3.2. Belanghebbendes tweede klacht (onderdelen 2 en 3 van het beroepschrift in cassatie) houdt in dat het Hof ten onrechte heeft geoordeeld dat uit artikel 10, lid 2, van de Verordening voor de belastingplichtige rechtstreeks verplichtingen voortvloeien. Dit oordeel is echter juist. Belanghebbende kan niet worden gevolgd in zijn opvatting dat artikel 10, lid 2, van de Verordening een instructie aan de gemeente inhoudt om de in die bepaling genoemde voorschriften aan de door haar uitgegeven parkeervergunningen te verbinden, en dat, nu de gemeente verzuimd heeft het in artikel 10, lid 2, letter a, van de Verordening opgenomen voorschrift te vermelden op de parkeervergunning zelf of op het aanvraagformulier, de gemeente niet voldaan heeft aan de instructie en zij zich niet met vrucht kan beroepen op het voorschrift van letter a. Anders dan artikel 10, lid 1, bevat artikel 10, lid 2, van de Verordening geen bepaling omtrent gegevens die de vergunning moet bevatten. Artikel 10, lid 2, eist met name niet dat de ingevolge dat artikellid aan de vergunning verbonden voorschriften op straffe van onverbindendheid op de in het motorvoertuig aan te brengen vergunning zelf moeten worden vermeld.

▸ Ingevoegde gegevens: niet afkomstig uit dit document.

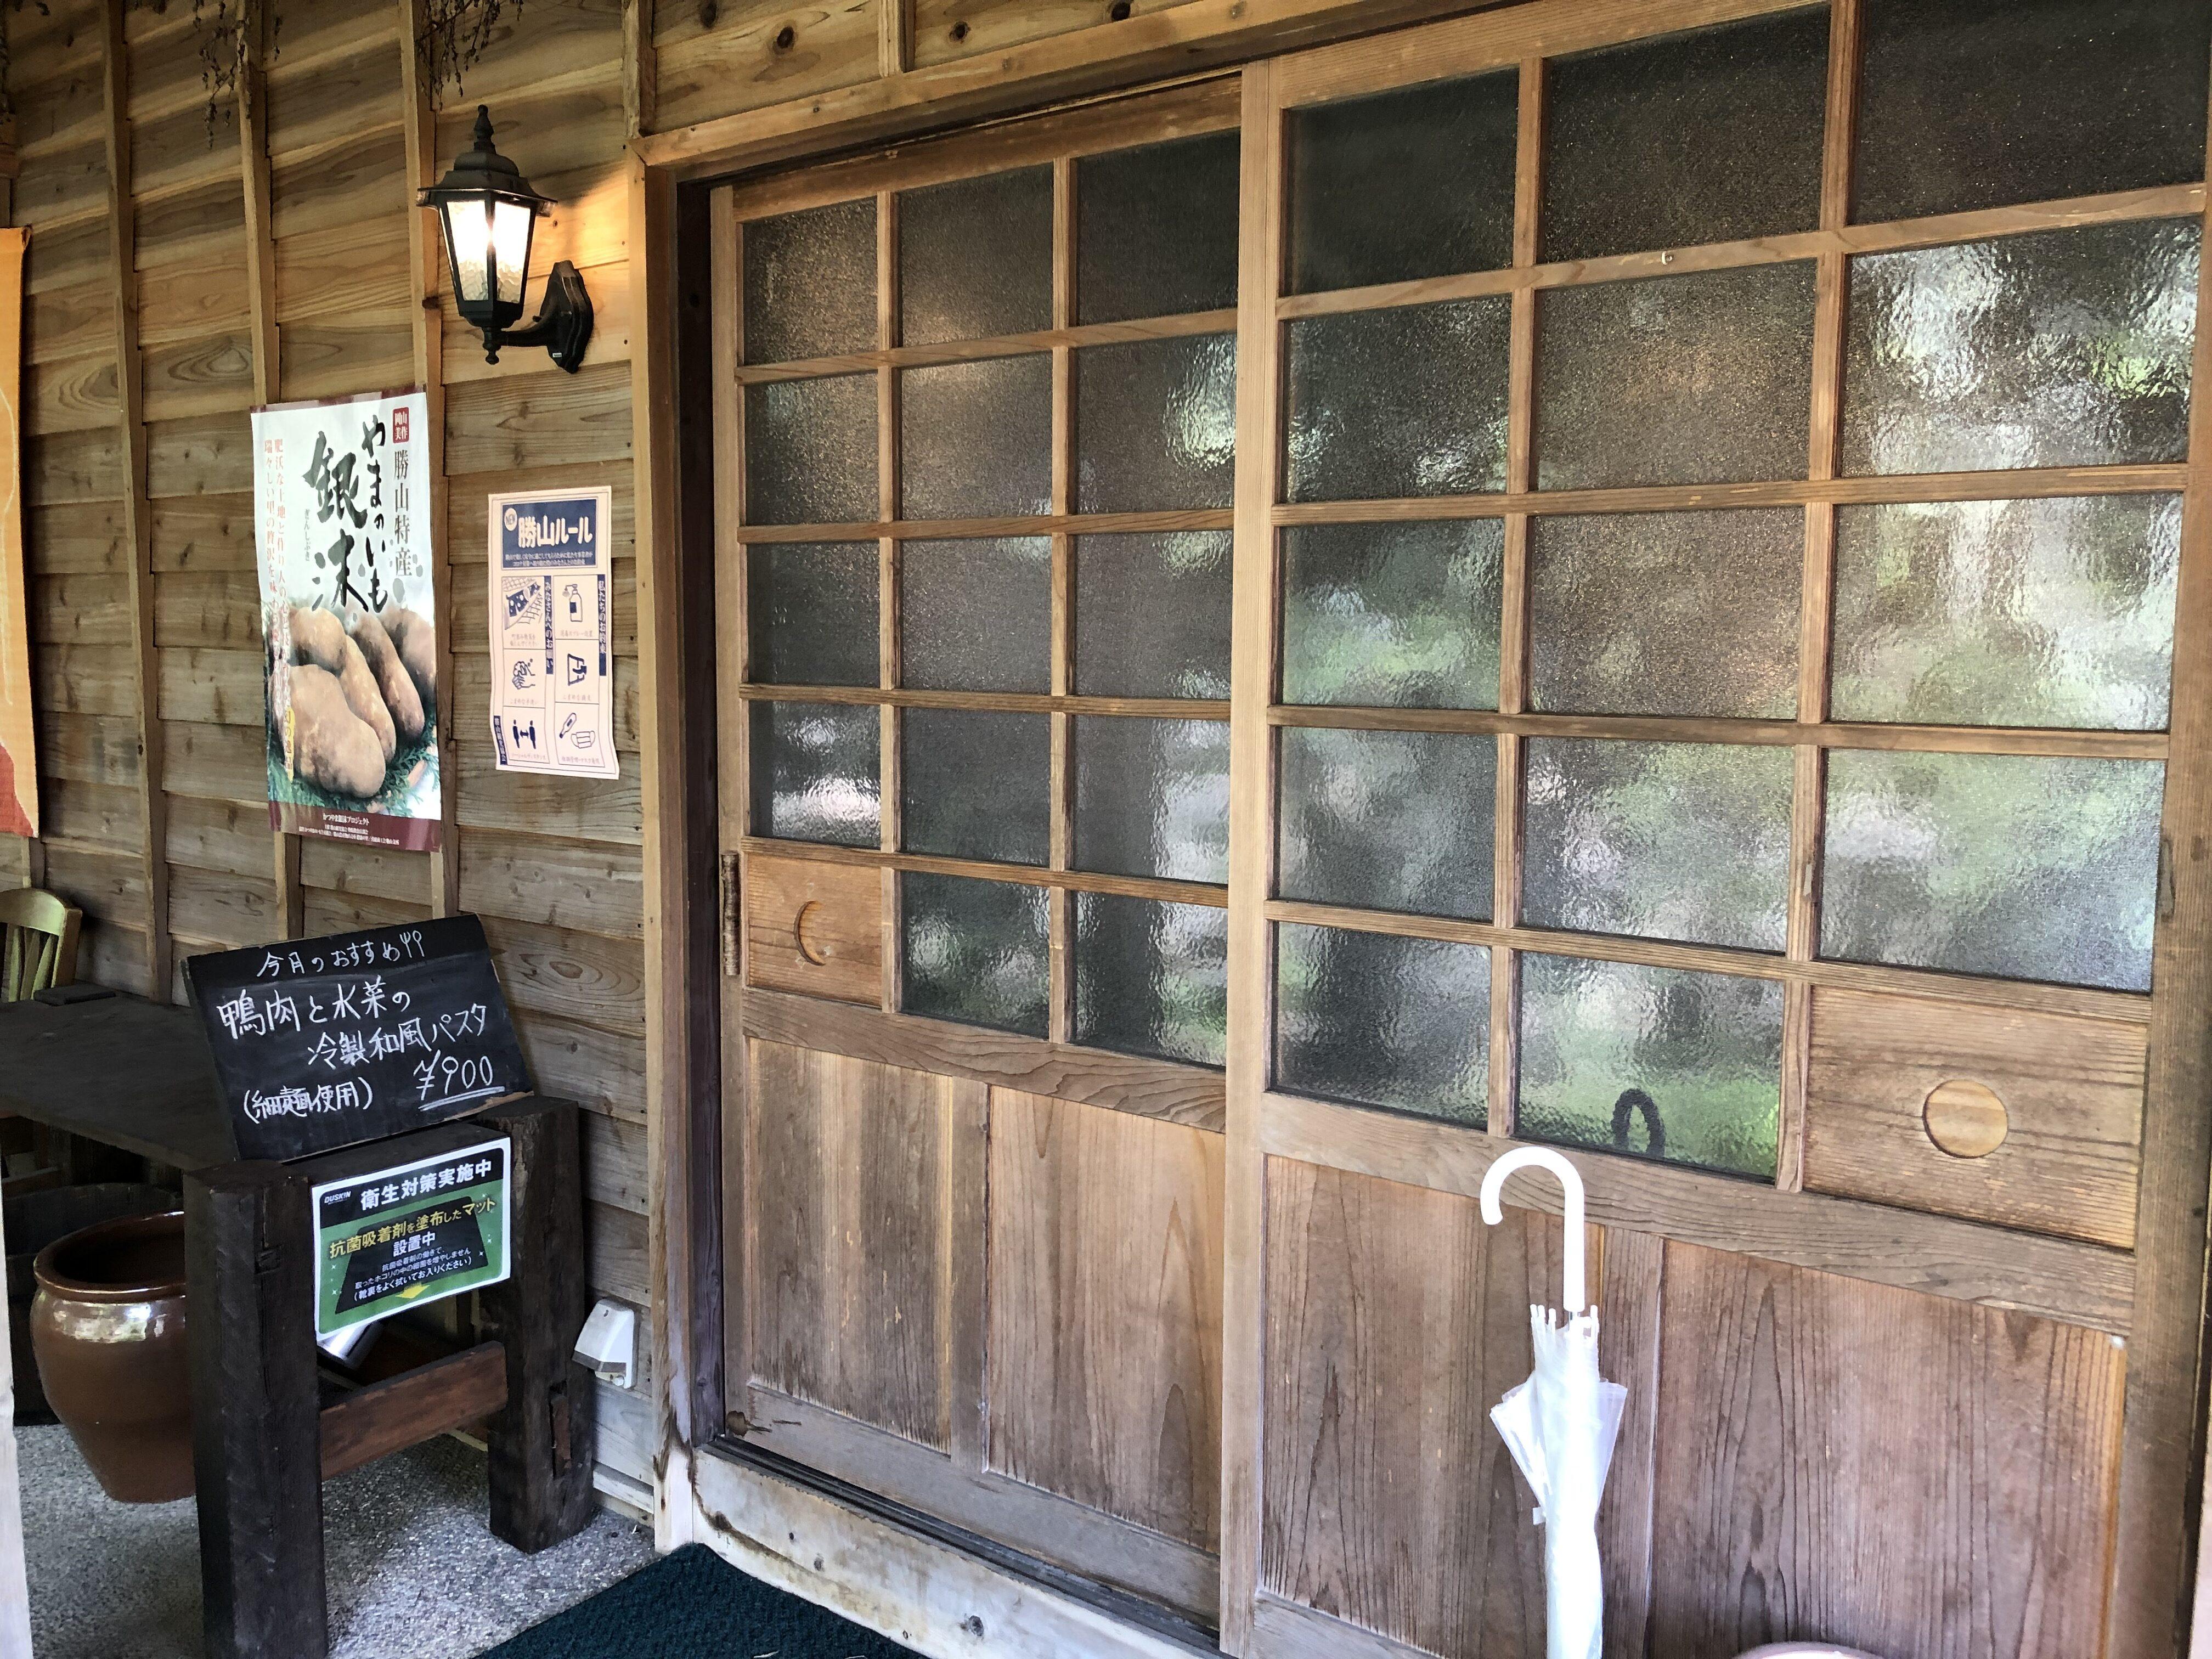 グルメリポート~「Nostalgie Cafe(ノスタルジーカフェ) ろまん亭」歴史ある城下町で地元の食材をノスタルジーあふれるカフェでいただく~

3.3. De klacht in onderdeel 4 van het beroepschrift in cassatie houdt in dat de sanctie van de ongeldigheid van de vergunning rechtstreeks uit de Verordening moet volgen. Ook deze klacht faalt, gelet op hetgeen hiervoor in onderdeel 3.1 is overwogen.

3.4. De overige klachten falen evenzeer. Zulks behoeft, gezien artikel 101a van de Wet op de rechterlijke organisatie, geen nadere motivering, nu de klachten niet nopen tot beantwoording van rechtsvragen in het belang van de rechtseenheid of de rechtsontwikkeling.

4. Proceskosten

De Hoge Raad acht geen termen aanwezig voor een veroordeling in de proceskosten.

5. Beslissing

De Hoge Raad verklaart het beroep ongegrond.

Dit arrest is gewezen door de raadsheer D.H. Beukenhorst als voorzitter, en de raadsheren J.W. van den Berge en A.R. Leemreis, in tegenwoordigheid van de waarnemend griffier A.I. Boussak-Leeksma, en in het openbaar uitgesproken op 23 november 2001.